Damon nodded. “Maybe it recognized something. Maybe you reminded it of what it used to be, or what it needs to find.”

“That’s not at all comforting.”

“No,” he agreed. “It’s not.”

Chapter 24

Vareck

The Nameless didn’t bleed, which meant they didn’t die. Not really.

You could hack them to pieces, set their corpses on fire, watch them crumble into ash, but they’d always come back, reeking of death and ruin. They weren’t alive. Not in any way that mattered.

But that didn’t mean I wouldn’t enjoy killing them.

The surrounding canyon was scorched by the midday suns, heatwaves rising off the stone like steam from a forge. Red rock stretched high overhead, cracked and jagged. The air tasted like dust and sweat.

I rolled my shoulders and readjusted the grip on both swords. My fingers twitched with anticipation.

Sadie wiped her forehead with the back of her hand and smirked. Her twin axes gleamed—one darker from old blood, the other freshly cleaned and itching for a stain.

“I count twenty coming in,” I said quietly.

“All right,” she said, nudging my elbow. “First to ten wins.”

I gave her a sideways glance. “And the prize?”

“Bragging rights and a crisp high five.”

I snorted. “That’s not much of an incentive.”

“Spoken like a sore loser.”

Movement caught my eye against the cliff wall. The Nameless came crawling down the stone like roaches, limbs cracking at odd angles, spines bowed and eyes hollow.

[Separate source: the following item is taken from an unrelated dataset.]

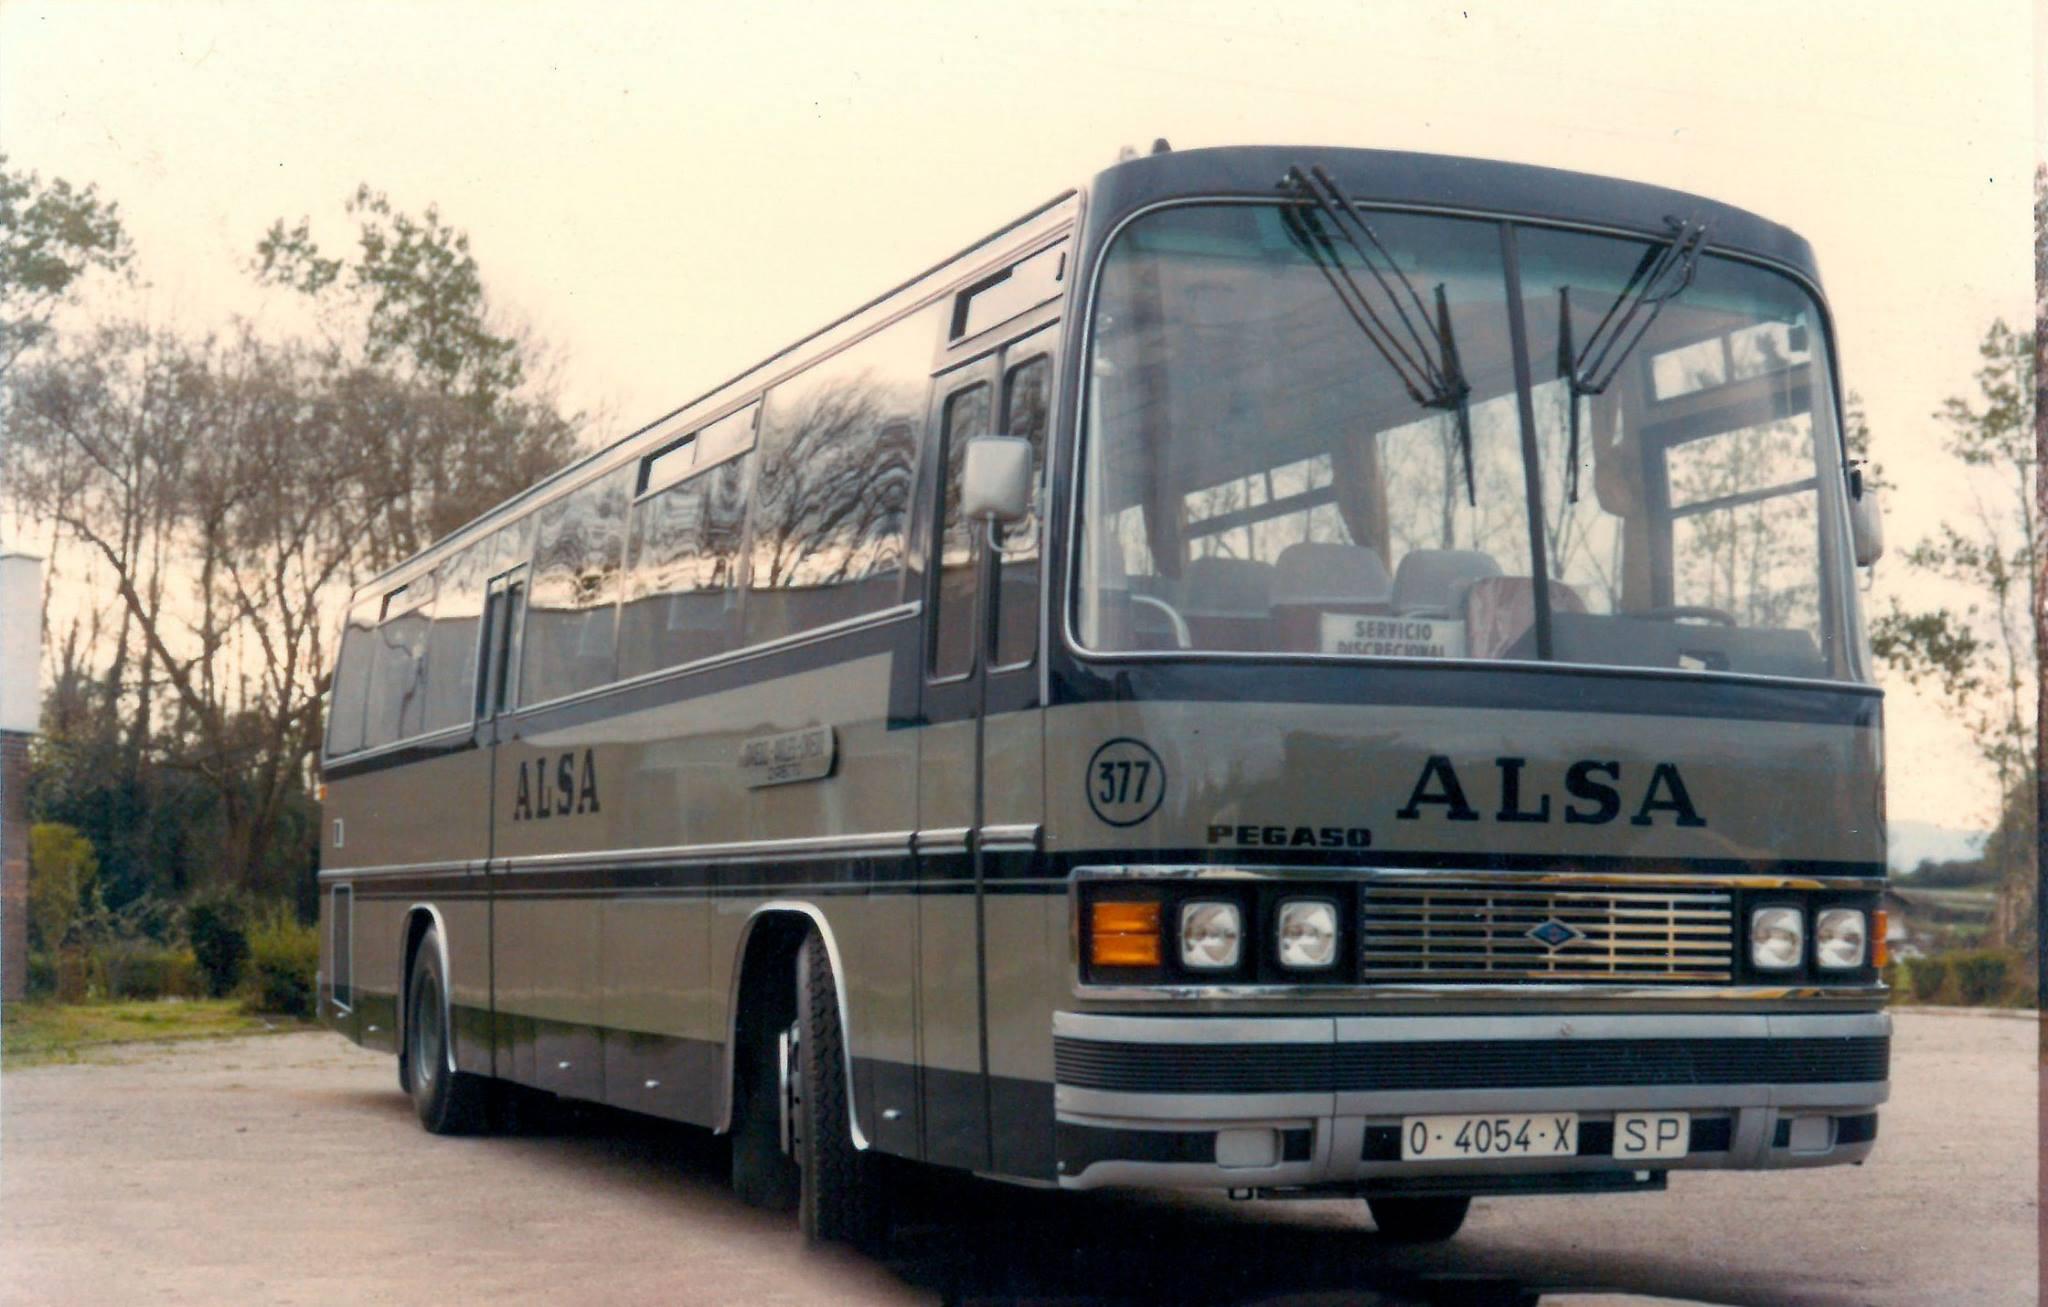 pegaso-carr-voor-Alsa-november-1981-1
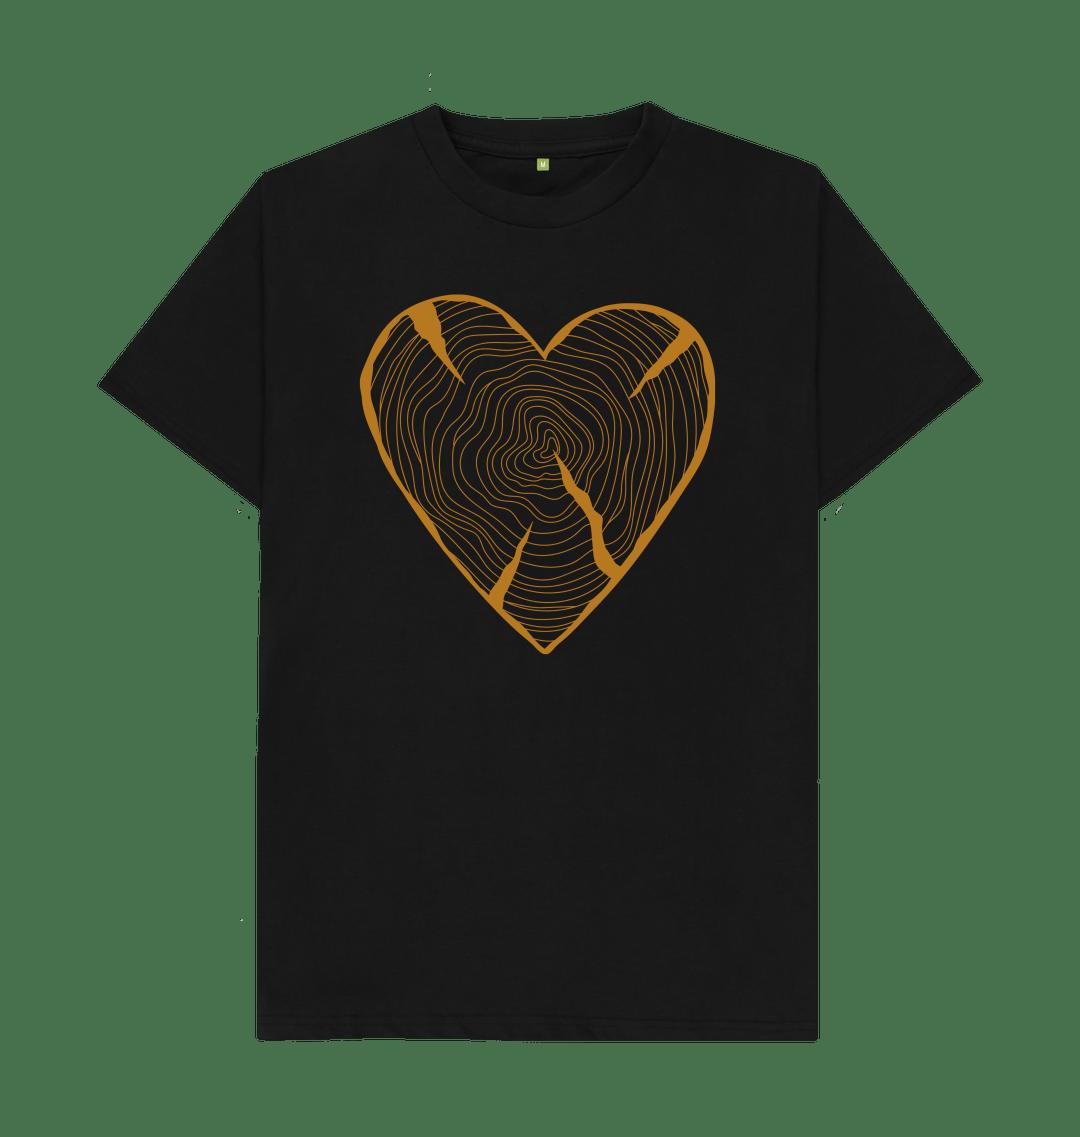 Nature Lovers T Shirt Adventure Heart Tree Trunk Rings black

“On your mark,” I said, spinning both blades once.

Sadie grinned. “Get set.”

“Go!” we said in unison.

The first dropped between us with a hiss of displaced air. I ducked under its swipe and drove my sword straight up through its sternum. It gurgled, body jerking as ichor sprayed from its mouth.

“One.”

Sadie rolled her eyes, then took three steps forward and slammed her axe into the neck of another as it leapt at her. The blade hit with a sickening crunch. She kicked the twitching corpse off the axe, spraying black everywhere.

“One,” she repeated.

More emerged, crawling from cracks in the canyon floor, scuttling from behind boulders, rising out of the sand like summoned nightmares.

A Nameless lunged at me from the right. I pivoted on instinct, brought both swords across in an X, and sliced through its chest. It hit the ground twitching, and I finished it with a boot to the skull.

“Two.”

Sadie was already in motion, a spinning force of steel and fury. One axe caught a Nameless in the shoulder, the other swept its legs out from under it. She kicked it in the head before it could rise.